In this embodiment, the structure and function of the present apparatus have been described by taking as an example a case where the apparatus is used as a hydrogen supply source to a fuel cell. However, it goes without saying that the application of the hydrogen storage device according to the present invention is not limited to such a case. Further, as another embodiment of the hydrogen storage material according to the present invention, a structure having a capsule that allows only hydrogen to pass therethrough and a nanotube sealed in the capsule can be mentioned.

[0030]

According to the present invention, it is possible to provide an inexpensive hydrogen storage device which is lightweight, has excellent durability, is easy to handle, has high safety, and has a simple structure. In particular, a high-performance hydrogen storage body capable of forming such a hydrogen storage device is obtained.

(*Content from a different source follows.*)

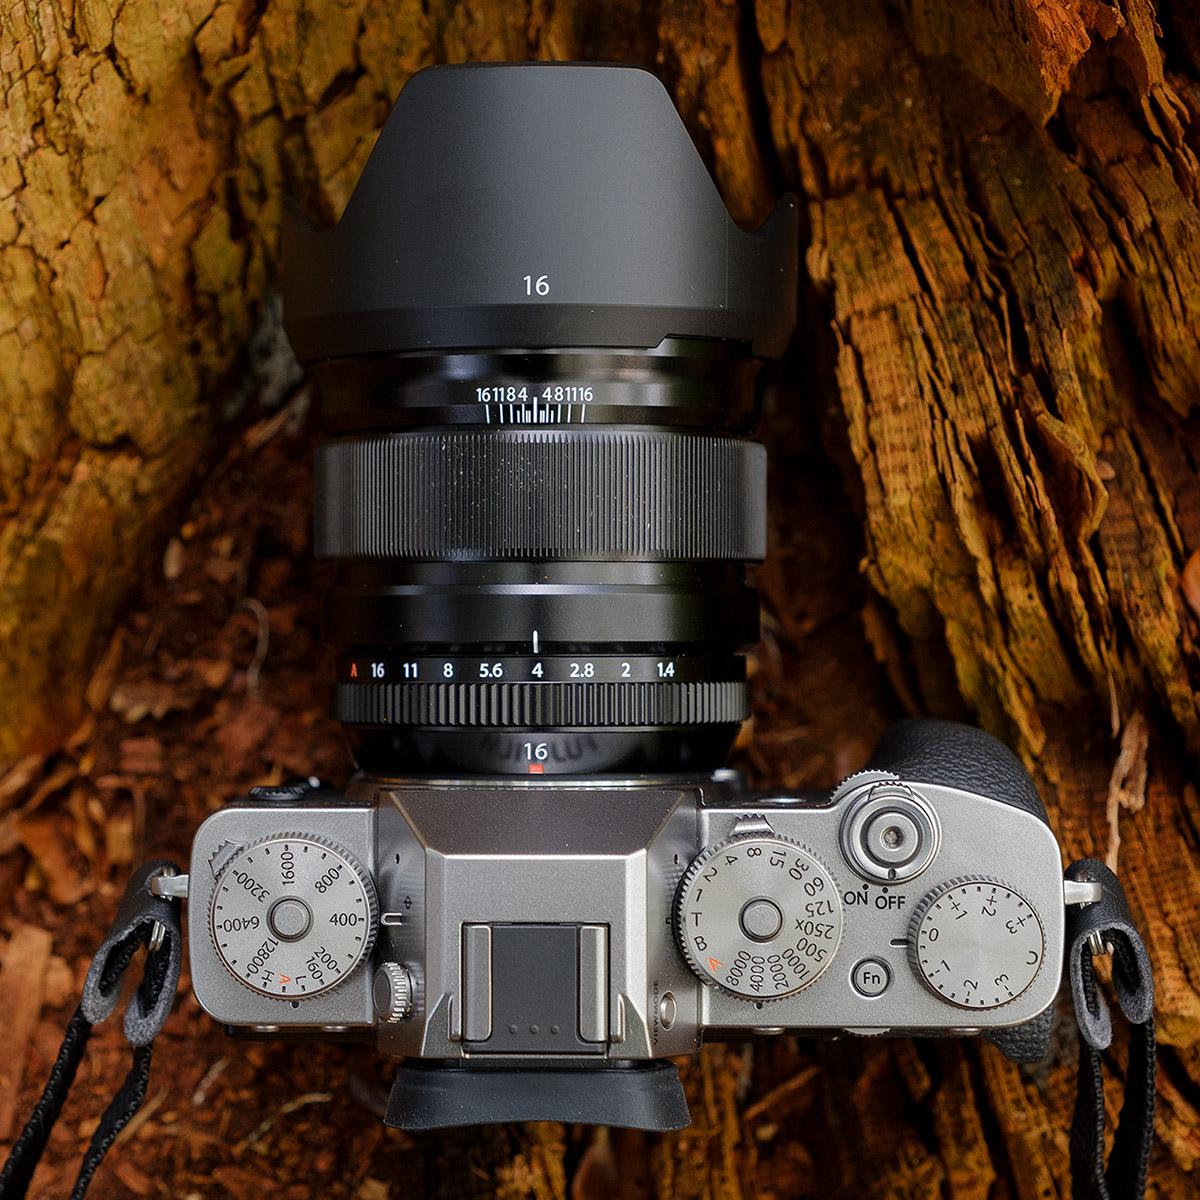 Fujifilm X-T3 met het XF 16mm f/1.4 R WR objectief
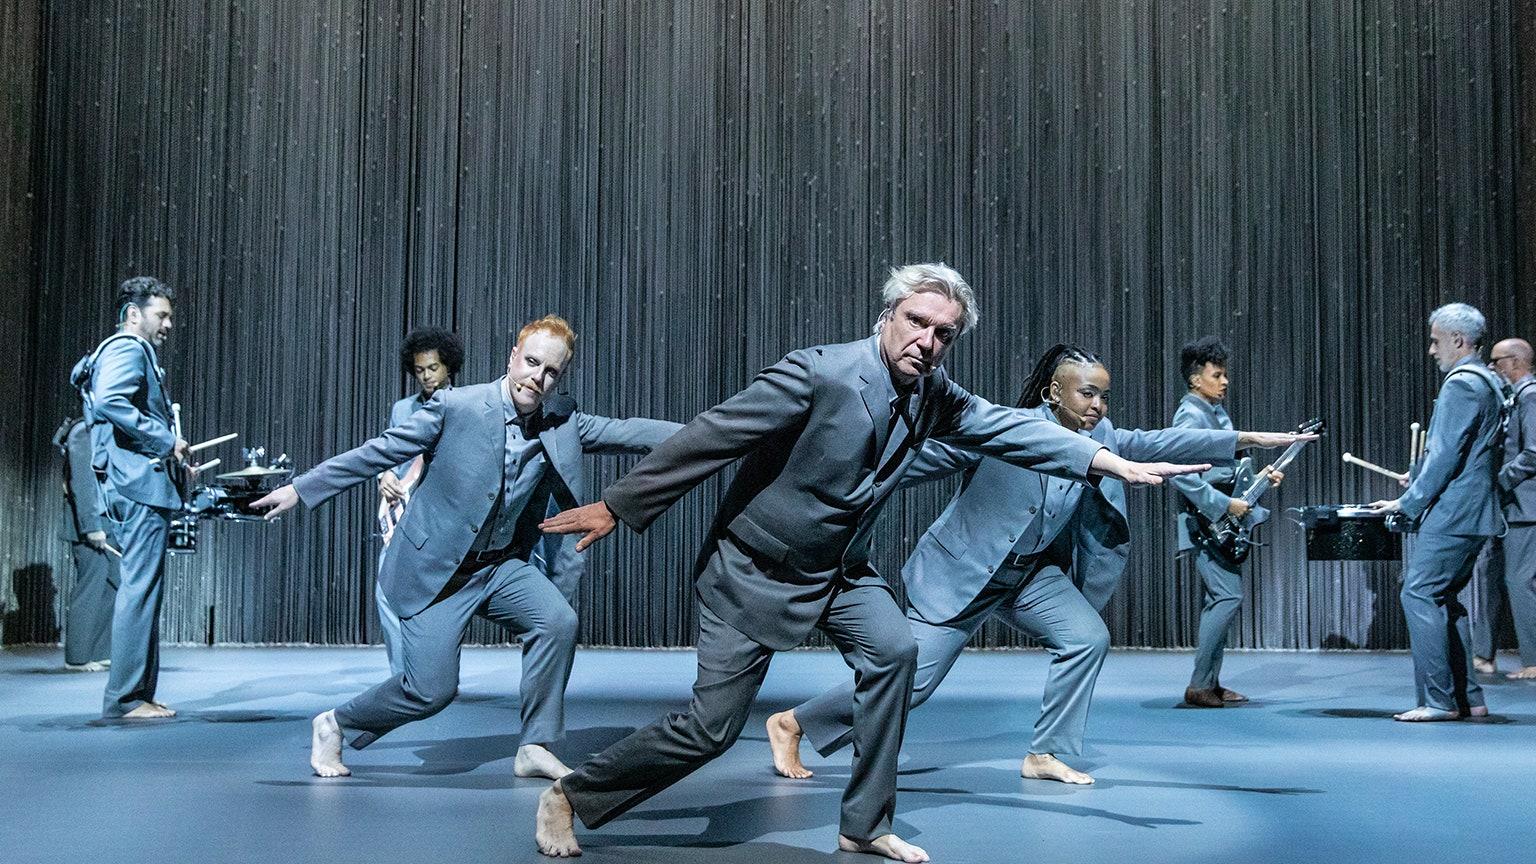 Dancing barefoot in David Byrne's American Utopia directed by Spike Lee

[Brief description of the drawings]

FIG. 1 is a half sectional view of a hydrogen storage body according to an embodiment of the present invention.

FIG. 2 is a schematic sectional view of a hydrogen storage device according to an embodiment of the present invention.

[Explanation of symbols]

 Reference Signs List 1 capsule 1a pore (through hole) 2 fullerene 11 capsule main body 12 hydrogen permeable membrane 31 container 31a hydrogen supply port 31b hydrogen discharge port 32 hydrogen storage body 33 heater (heating means)

Claims (5)

[Claims] 1. A hydrogen storage body comprising: a capsule that allows only hydrogen to pass therethrough; and a fullerene encapsulated in the capsule. 2. A hydrogen absorbing material according to claim 1, fullerene characterized in that it is a C _60. 3. A hydrogen storage body comprising: a capsule that allows only hydrogen to pass therethrough; and a nanotube sealed in the capsule. 4. A capsule comprising: a capsule body having a plurality of pores formed in a shell wall; and a hydrogen permeable membrane provided to cover an outer surface of the capsule body and permeable only to hydrogen. Claim 1 characterized by the above-mentioned.
The hydrogen storage material according to claim 3. 5. A hydrogen storage device comprising the hydrogen storage body according to any one of claims 1 to 4, wherein the hydrogen storage device has an airtight container provided with a hydrogen supply / discharge port. A hydrogen storage device comprising: a plurality of the hydrogen storage units housed in the container; and heating means for heating the hydrogen storage units.